Penyalahgunaan pil tidur adalah masalah yang berkembang di Amerika Serikat. Menurut National Institute on Drug Abuse, hampir satu dari 10 orang Amerika menyalahgunakan obat resep, dan banyak dari resep ini untuk obat tidur. Mengambil terlalu banyak pil tidur dapat menyebabkan overdosis dan kematian.

Bagaimana cara kerja obat tidur?

Kebanyakan obat tidur bekerja dengan menekan sistem saraf pusat. Tindakan ini membuat Anda lebih mudah tertidur. Menurut National Institutes of Health, penggunaan pil tidur dikaitkan dengan peningkatan risiko demensia.

Risiko minum obat tidur

Pil tidur adalah salah satu obat yang paling sering diresepkan di Amerika Serikat. Meskipun obat ini efektif untuk penggunaan jangka pendek, ada sejumlah risiko yang terkait dengan penggunaan obat tidur.

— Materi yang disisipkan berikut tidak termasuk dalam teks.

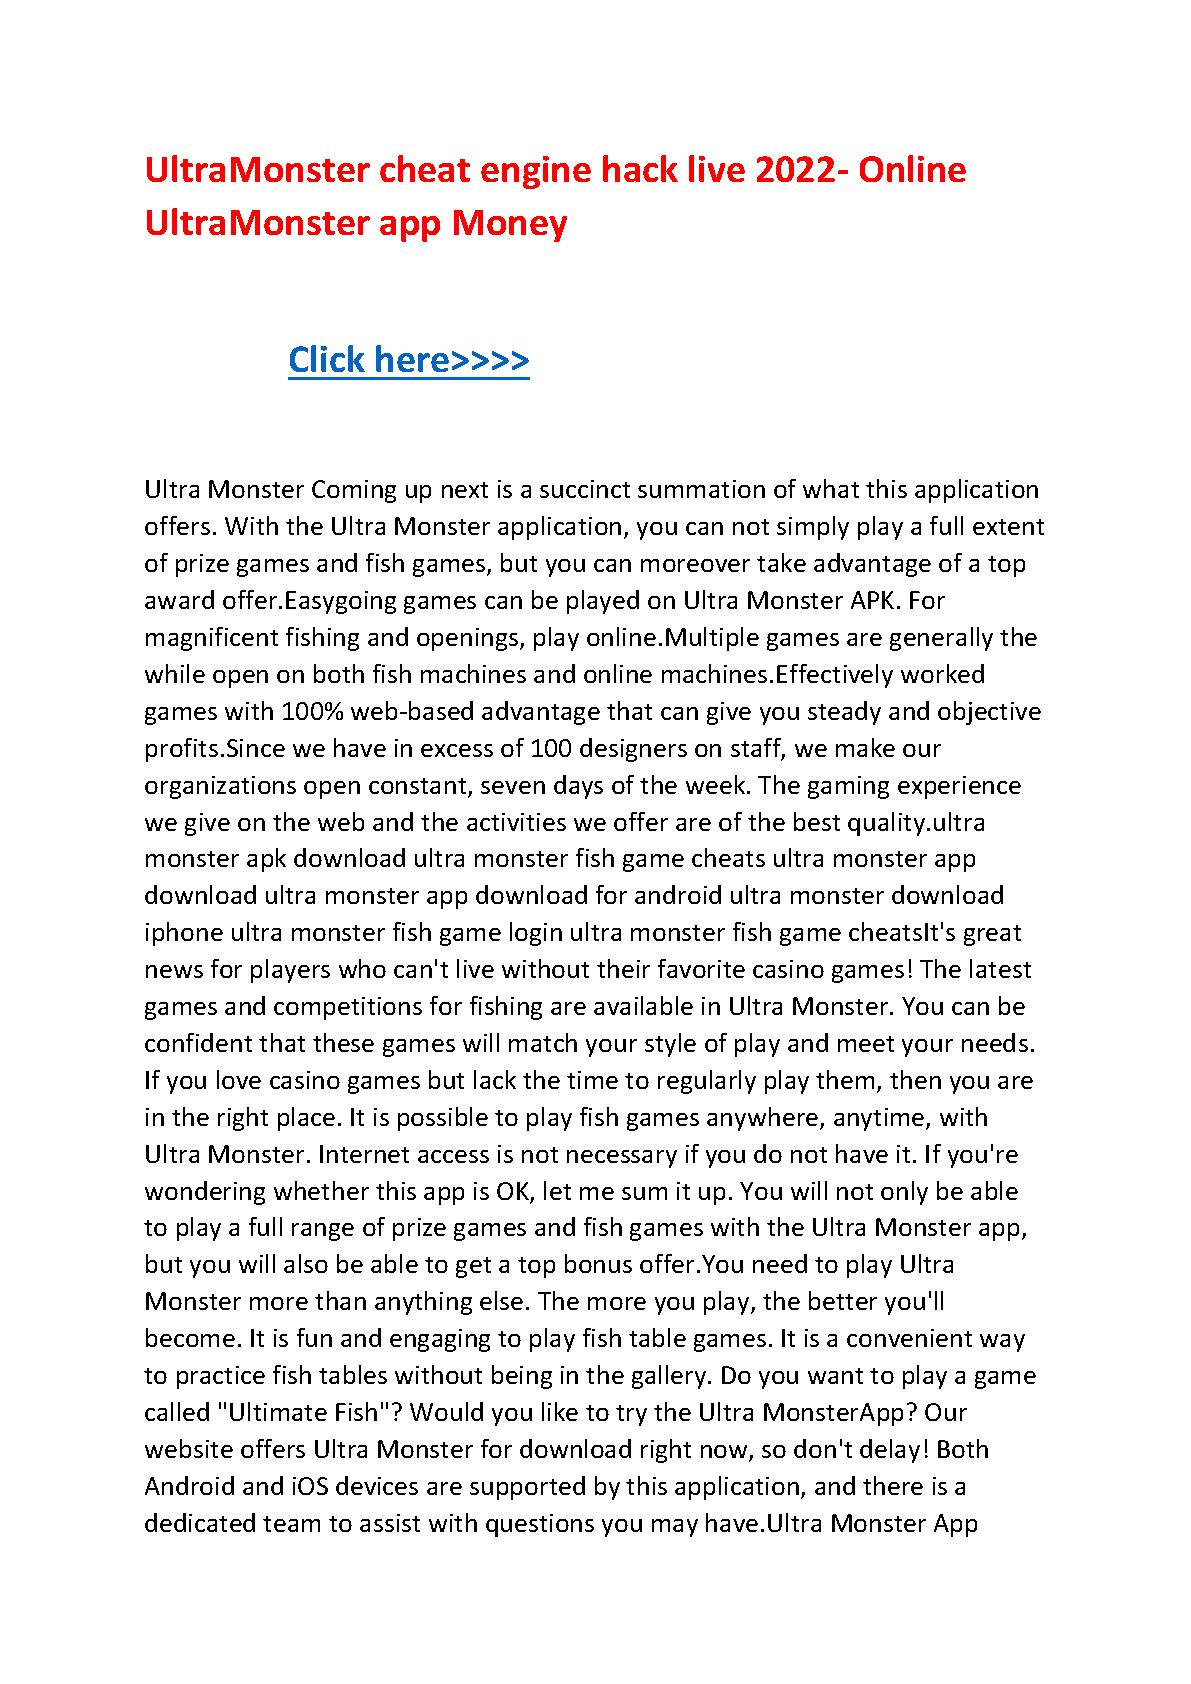 UltraMonster Cheat Engine Hack Live 2022 pdf PDF Host

Salah satu risiko yang paling signifikan adalah bahwa obat tidur dapat menyebabkan gangguan kesehatan mental. Sebuah studi baru-baru ini menemukan bahwa orang yang mengonsumsi obat tidur lebih mungkin mengalami depresi dan kecemasan. Studi tersebut juga menemukan bahwa orang yang mengonsumsi obat tidur lebih cenderung memiliki pikiran untuk bunuh diri.

Risiko lain mengonsumsi obat tidur adalah dapat menyebabkan ketergantungan fisik. Ini berarti bahwa orang yang menggunakan obat tidur mungkin perlu meminumnya secara teratur untuk mempertahankan pola tidurnya. Orang yang menjadi tergantung pada obat tidur mungkin merasa sulit untuk berhenti meminumnya, bahkan jika mereka mengalami efek samping atau pola tidur mereka membaik.

Akhirnya, obat tidur dapat memiliki sejumlah efek samping, termasuk kantuk di siang hari, pusing, dan masalah pencernaan. Beberapa dari efek samping ini bisa serius, dan orang-orang harus yakin untuk berbicara dengan dokter mereka tentang potensi risiko sebelum minum obat tidur.

Gangguan kesehatan mental dan obat tidur

Risiko pil tidur menjadi perhatian yang berkembang karena gangguan kesehatan mental seperti kecemasan dan depresi meningkat. Pil tidur bisa membuat ketagihan dan memiliki efek samping yang serius, jadi penting untuk menyadari risikonya sebelum meminumnya.

Kecemasan dan depresi adalah dua dari gangguan kesehatan mental yang paling umum di Amerika Serikat, dan mereka sering berjalan seiring dengan masalah tidur. Menurut National Institute of Mental Health, sekitar satu dari delapan orang dewasa menderita kecemasan, dan satu dari enam menderita depresi. Kedua gangguan ini dapat membuat sulit untuk mendapatkan tidur malam yang baik, yang dapat menyebabkan lebih banyak masalah di siang hari.

Obat tidur sering diresepkan untuk membantu orang dengan masalah tidur, tetapi mereka memiliki risikonya sendiri. Pil tidur dapat membuat ketagihan, dan dapat menyebabkan efek samping seperti pening, pusing, dan sakit kepala. Dalam beberapa kasus, mereka juga dapat memperburuk kecemasan dan depresi.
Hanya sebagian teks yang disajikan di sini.